Bergamot essential oil is extracted by cold pressing the epicarp (outer peel) and, partly, the mesocarp (pith) of fresh bergamot oranges.  Bergamot essential oil appears pale greenish yellow in color and affords a citrus-like or fruity refreshing scent with a note of floral slightly spicy quality and a warm, balsamic undertone.  It not only is demanded in perfumery and cosmetic industries but also is employed by pharmaceutical, food, and confectionery industries.
Uses and Reported Benefits
In alternative healthcare, bergamot essential oil is principally used for the therapeutic management of acne, boils, eczema, dermatitis, psoriasis, varicose ulcers, cold sores,  flu, fever and colds  and is stated to aid people suffering from depression, stress, tension, fear, hysteria, and anorexia. 
It can be either diffused into the air to freshen a room and uplift emotions or added into bathwater, massage oils, skin lotions, potpourri, and perfumes.  A few drops in a saucer of hot water on top of a radiator enliven any room, and inhaling it directly from a tissue presumably works magic for anyone in emotional upset or negative moods. A maximum of five drops for massage or bath is recommended to invigorate one’s spirit. 

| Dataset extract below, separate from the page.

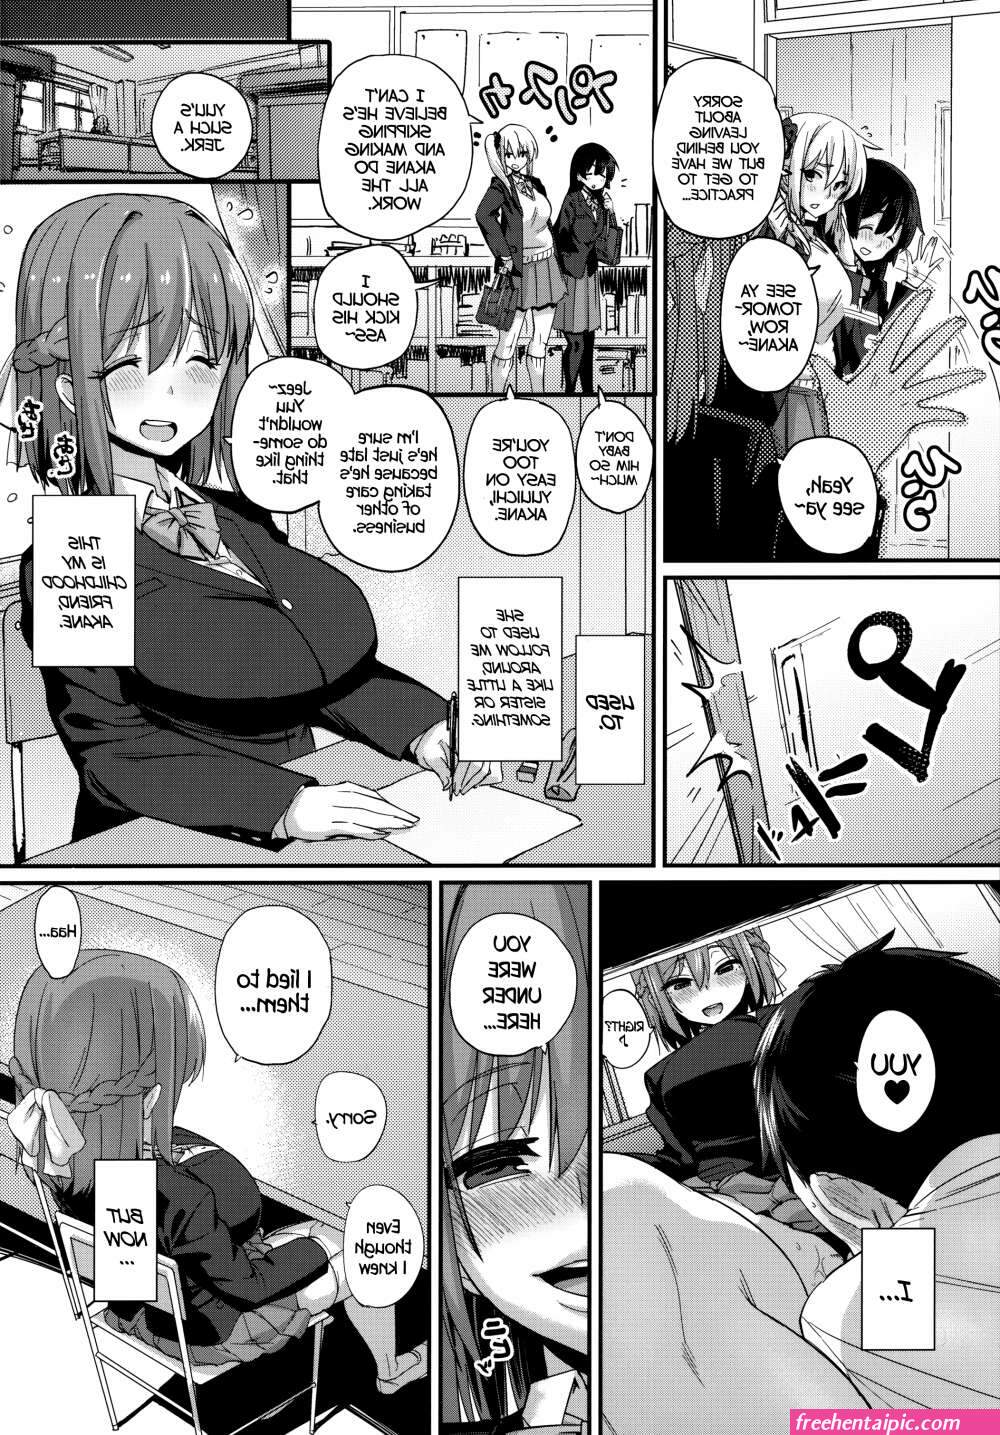 1000px x 1435px - manga hentai male pregnant - Free Hentai Pic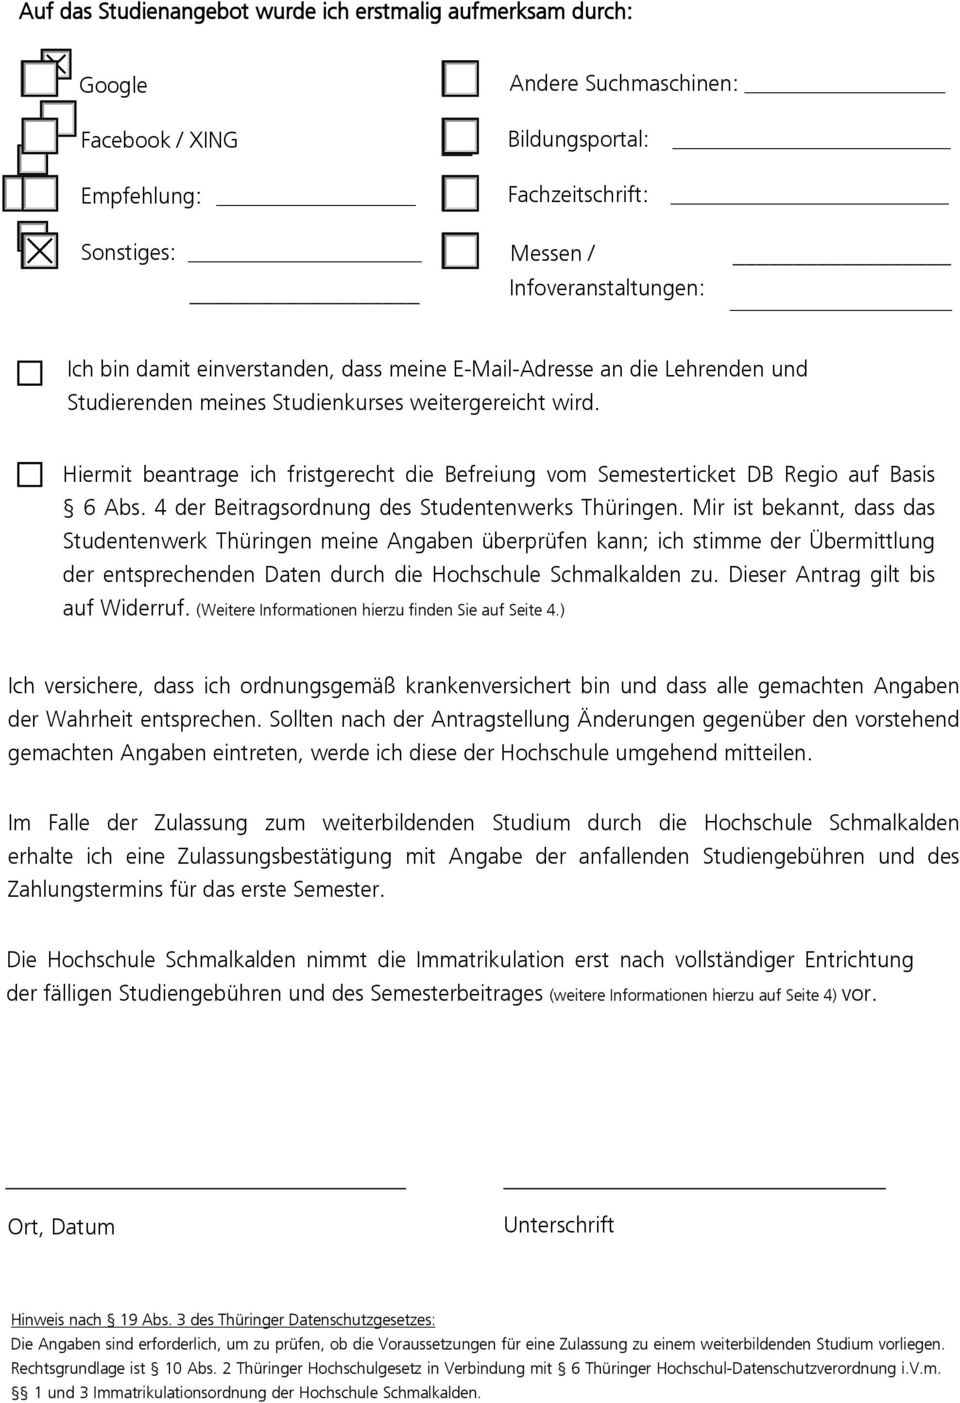 Hiermit beantrage ich fristgerecht die Befreiung vom Semesterticket DB Regio auf Basis 6 Abs. 4 der Beitragsordnung des Studentenwerks Thüringen.

Contraindications and Safety
The use of bergamot essential oil is generally considered safe for a majority of people if in appropriate amounts.  Due to its high bergapten content, bergamot essential oil is suggested to be not topically applied prior to sun exposure to prevent skin sensitivity to the sun, susceptibility to sunburn, and thus vulnerability to skin cancer.  Also, bergamot essential oil is best kept out of children’s reach, and administering large amounts of it is not recommended because convulsion as a serious side effect has been reported. 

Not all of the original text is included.